Harbor workers also develop occupational diseases, mostly repetitive stress injuries. These individuals stoop, reach, and kneel most of the day. These joints cannot take that level of wear and tear. Eventually, they give out.
Benefits Available
We mentioned the two kinds of LHWA benefits that are available above. Now, let’s break them down a little further and see what they mean to victims and their families.
Money-related stress usually causes PTSD-like symptoms. These symptoms significantly impede injury recovery. To alleviate these symptoms and give families a brighter financial future, the LHWA replaces two-thirds of the victim’s lost wages. The four categories of lost wage replacement benefits are:
- Temporary Total Disability: Most trauma injury victims cannot work as they recover from their injuries. So, they are entitled to lost wage replacement. However, the LHWA only replaces two-thirds of lost wages, mostly because the law assumes, correctly or incorrectly, that the victim was at least partially at fault for the injury.
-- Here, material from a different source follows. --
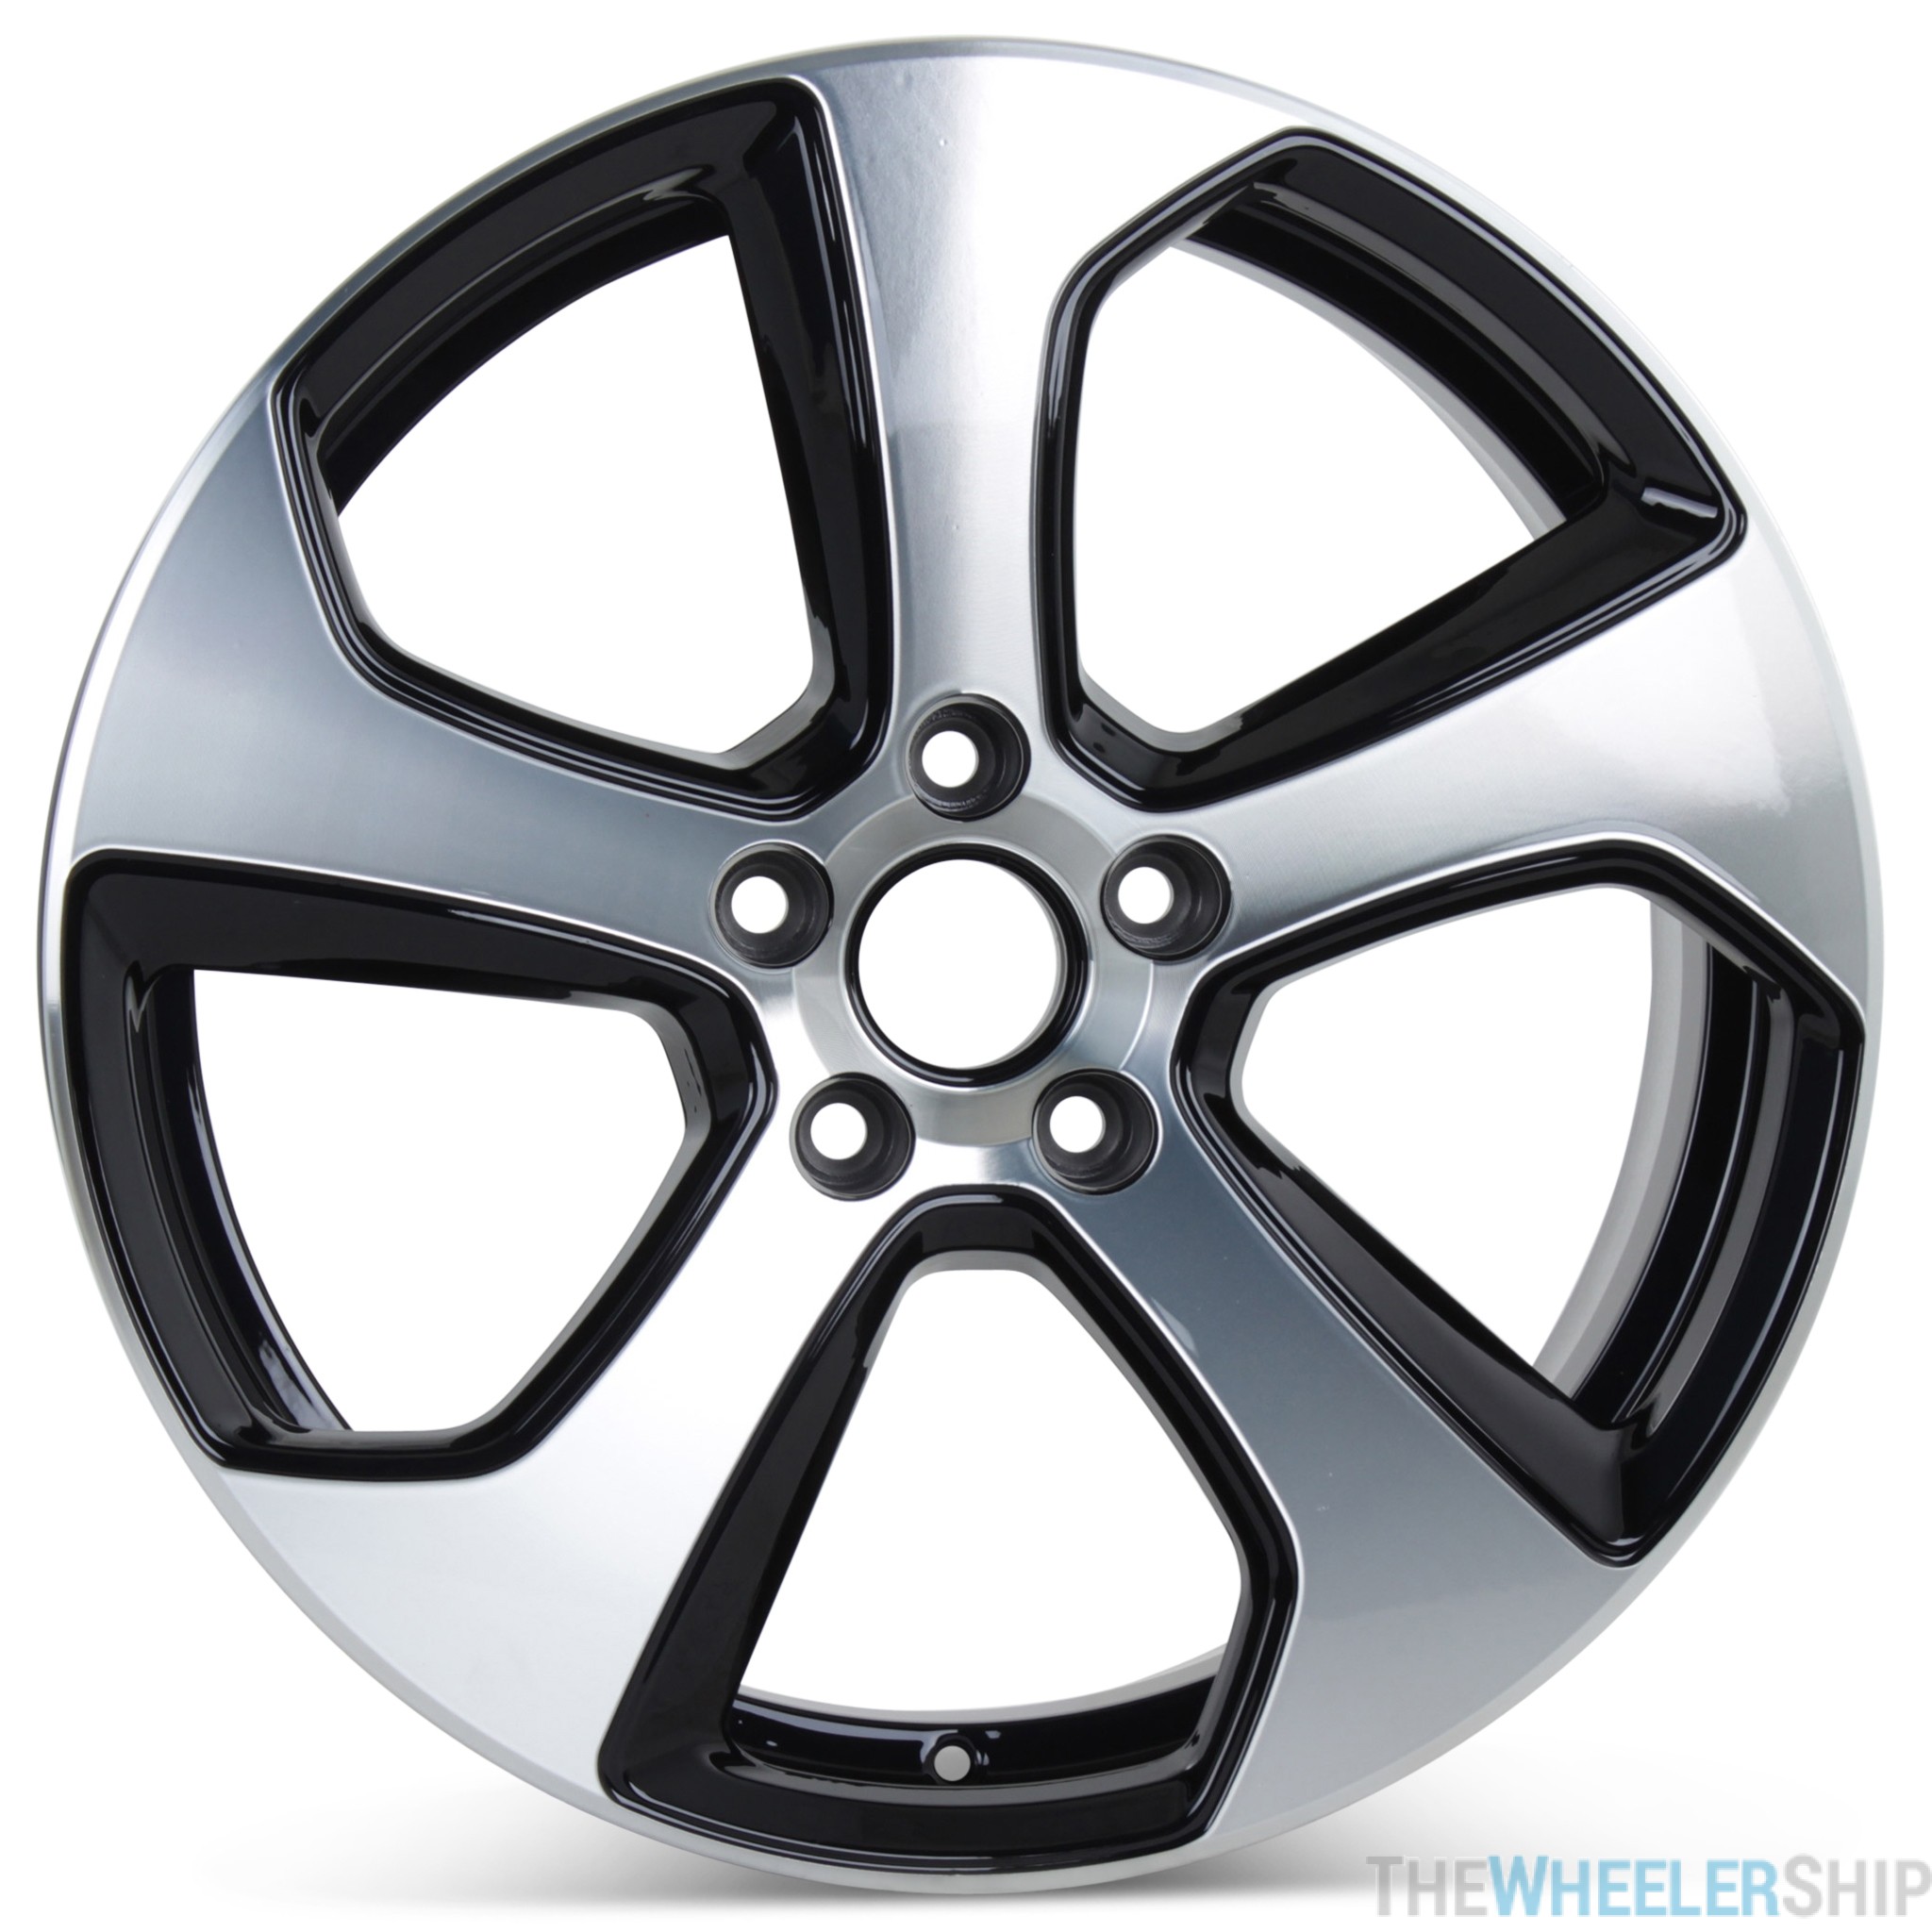 20142018 VW Wheels Set of 4 18" Volkswagen Golf Rims

- Temporary Partial Disability: As they recover, many victims can return to work part-time or take a light-duty assignment. As a result, they feel more productive and feel better about themselves. However, part-time or light-duty work does not pay as much as full-time regular employment. So, a Florida job injury lawyer can obtain two-thirds of the difference between the new and old incomes.
- Permanent Total Disability: Some trauma injuries are totally disabling. Some occupational diseases, like toxic exposure and cancer, are totally disabling as well. Basically, a “disability” means the victim cannot work again, largely for medical reasons but also for educational and vocational reasons.
- Permanent Partial Disability: PPD benefits are frequently available if the reduction to part-time or light-duty work is permanent. The LHWA also pays PPD benefits in amputation cases. In all permanent disability cases, the victim is entitled to two-thirds of all future lost wages.
The medical payment benefit usually applies to all reasonably necessary medical expenses, including costs like:
- Emergency transportation,
- Emergency care,
- Follow-up care,
- Prescription drugs and other ancillary medical costs, and
- Physical or occupational therapy.
Usually, injured dockworkers can choose their own doctors and change physicians at any time. It is also important to note that LHWA supplements but does not replace state workers’ compensation benefits. In other words, if workers’ comp is unavailable, for whatever reason, a Florida job injury lawyer normally files an LHWA claim.
The LHWA Process
A few final words about the claims process, which is often long and frustrating. Usually, a Claims Examiner evaluates the claim based on the medical records and little else. Because of the limited scope of this review, CEs nearly always deny injury claims, at least in part.
This denial does not mean your claim is weak and meritless and should be settled for whatever you can get. Instead, this denial is your ticket to the next level, which is an administrative law judge review.
The environment is much different at ALJ hearings. Much more evidence is available. Additionally, a Florida job injury lawyer can challenge the other side’s evidence and make legal arguments. So, much more compensation is available for victims who persevere to the end.